Basic Bench plan by Scott Landis – help
I am new to woodworking and maybe I am too new but I do not understand the dimensions needed for the basic bench plan, beginning on page 80. The book says that the legs and stretchers are made out of 4 by 4 douglas fir but the diagrams in the back of the book show that the legs are 3 by 3 and the stretchers 2 by 3?
Without taking a drive to the lumber supply to confirm – the wood is not sold in such dimensions – am I supposed to rip the 4 by 4’s down to 2 by 3 and 3 by 3 members for the legs and stretchers? It just seems from the photos and diagrams that the stretchers are not as wide as the legs because you can see that when they are joined that the widths of the two pieces are not the same.
Any insight into this problem I seem to have would be appreciated. Thanks, Tom.
Replies
Hello, I don't know if I can answer all of your questions, but I'll try to be helpful. Now. as to the dimensions of lumber, I may be covering stuff you already know. Wood in the lumber yard is usually labeled by it's nominal dimension, which is larger than it's actual dimension. A 2x4, for example, was 2" by 4" when it was rough cut at the saw mill. In order to give us a nice working surface and fewer splinters the 2x4 gets surfaced (planed) on four sides. The new size is 1 1/2" by 3 1/2".
A typical 4x4 is actually 3 1/2" by 3 1/2". Why a 3x3 should be 2x3 I don't know unless the plans call for you to resize the lumber to a smaller dimension. i hope this is helpful.
Datachanel
Doing things the hard way
Edited 12/14/2005 8:31 am ET by datachanel
Thanks for the reply - I figure that the actual dimensions of the 4 by 4's show as only 3 inches in width in the diagrams but then what about the stretchers?

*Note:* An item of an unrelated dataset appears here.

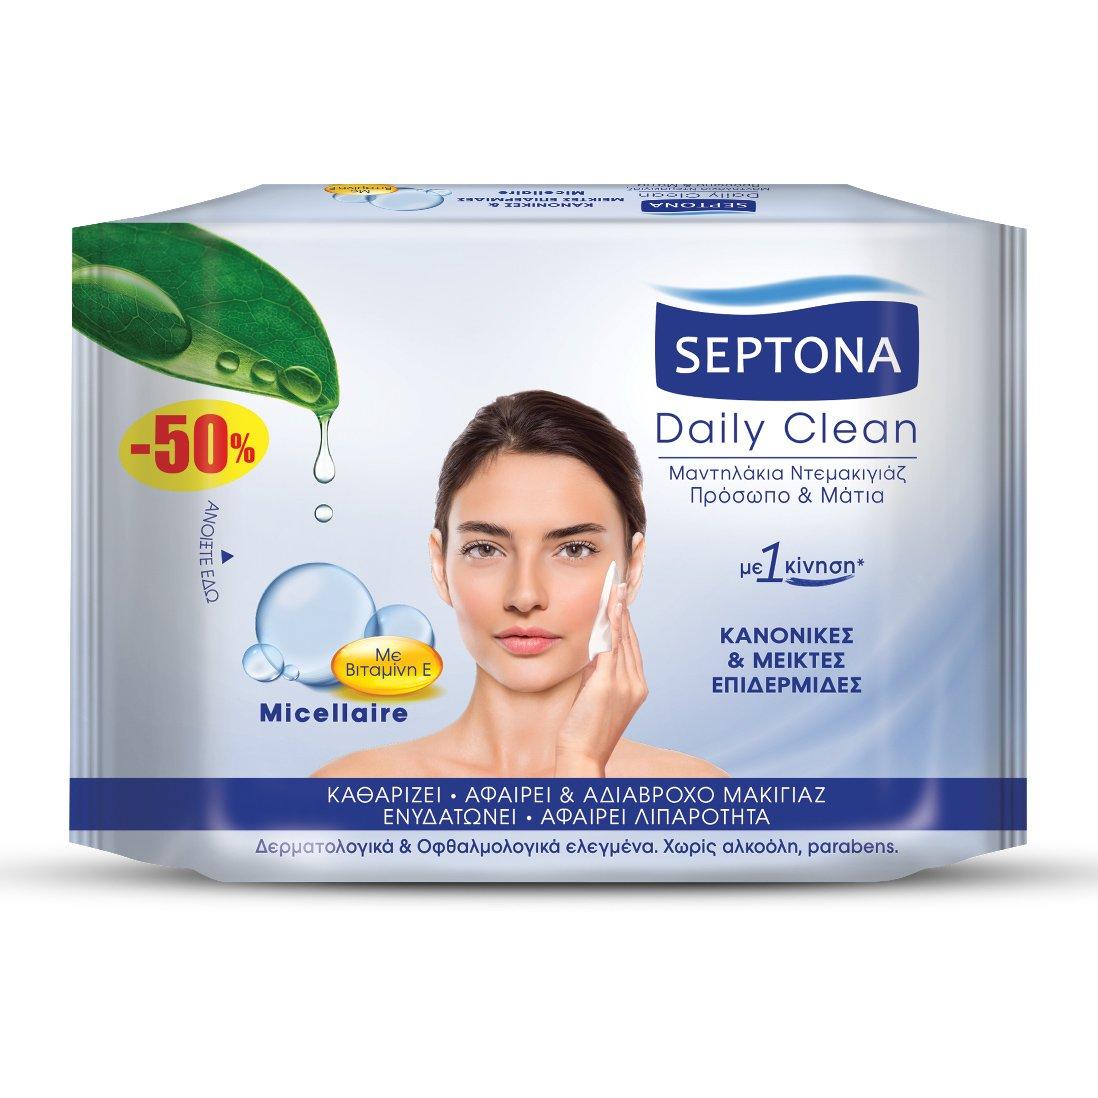 Septona Daily Clean Micellaire Μαντηλάκια Ντεμακιγιάζ Προσώπου Ματιών με Βιταμίνη E για Κανονικές Μεικτές Επιδερμίδες 20 Wipes

My real problem with the book is that I was looking for project plans - the book is very exhaustive in covering all aspects of benches but it does not address how to build a workbench from a step by step approach. It assumes a very high level of familiarity with woodworking and with knowing what dimensions of lumber to use.
The text of the chapter says the stretchers an legs are from 4 by 4's but I still do not know why, then, the dimensions of the stretchers are 2 by 3.
Thanks for your comments.
The only way to get wood with 3x3 or 2x3 actual dimensions from framing lumber is to start with nominal 4x4s. The 3x3 legs would probably by jointed and planed from the framing lumber, and the 2x3 would have to be ripped.
By the way, for these sorts of projects I would advise buying framing lumber from the best actual lumberyard in the county. The stuff at the Borgs--blue or orange, is censorable. (My local orange borg as nothing but green framing lumber. That means moisture content greater than 19%, practically dripping in some cases.) Wood for interior furniture should be dried to 8% or less. The shrinkage and possibility of warping are really great starting with green lumber. (Higher energy costs increases the cost of kiln dried lumber, hence the borgs are using less of it.) I would still sticker this in your shop, well weighted, for as long as you can manage. The goal is to get the lumber closer to its equilibrium moisture content before you start to mill it.
Thanks Steve for the reply - I guess I do have to resize, plane the wood - I was about to buy some Douglas fir from HD but after reading your post maybe I'll buy some better quality wood that is much drier - thanks - Tom
If I was beginning the "build a bench" issue I would seriously look at the article in FWW in the last issue or so about laminating 3/4 plywood. I built a similar designed bench using 2x4's but this one was really neat. I think the author said it cost about $200-250 and it looked like a fun project resulting in a very useable bench.(I know this doesn't address your real question but I thought I would share an alternative that I intend to use the next time a bench is in the works. Good luck!)
I think you are taking the dimensions too objectively. Yes, a 4x4 is only 3 1/2 inches square. But after you joint 2 faces, and plane the other faces, you will end up around 3 inches... or a bit more. So what? What if the legs were 3 13/32 square.. does it really matter? No. And that is the way the base is made.... whatever dimensions come through is OK. As long as you are consistent and think of how things fit together. YOu want the legs and the stretchers to be the same dimsneions so that things are flush. So you joint and plane all the parts first, at the same time.
You are using a jointer and a planer? ( Hand or machine, makes no difference.. just be sure you use one. Everything must be square and planar.)
Does this help? I hope it does because in woodworking, there are rarly dimensions that are precise. There are dimensions that must be the same, but rarely does a particular dimsneion in its own require 7 figure accuracy.
BTW, I did build a workbench similar to those in the Landis book ( Mine was a Nyquist version.... see the book....). My base is made of 5x7 lumber.... because that is what I had available. My top is an odd size ( I forget what right now, but around 64 inches long by 32 uinches wide). I have had it in operation for around 5 years, and love it.
If you have problems, please ask.. I am sure that there are several of us that will be glad to explain.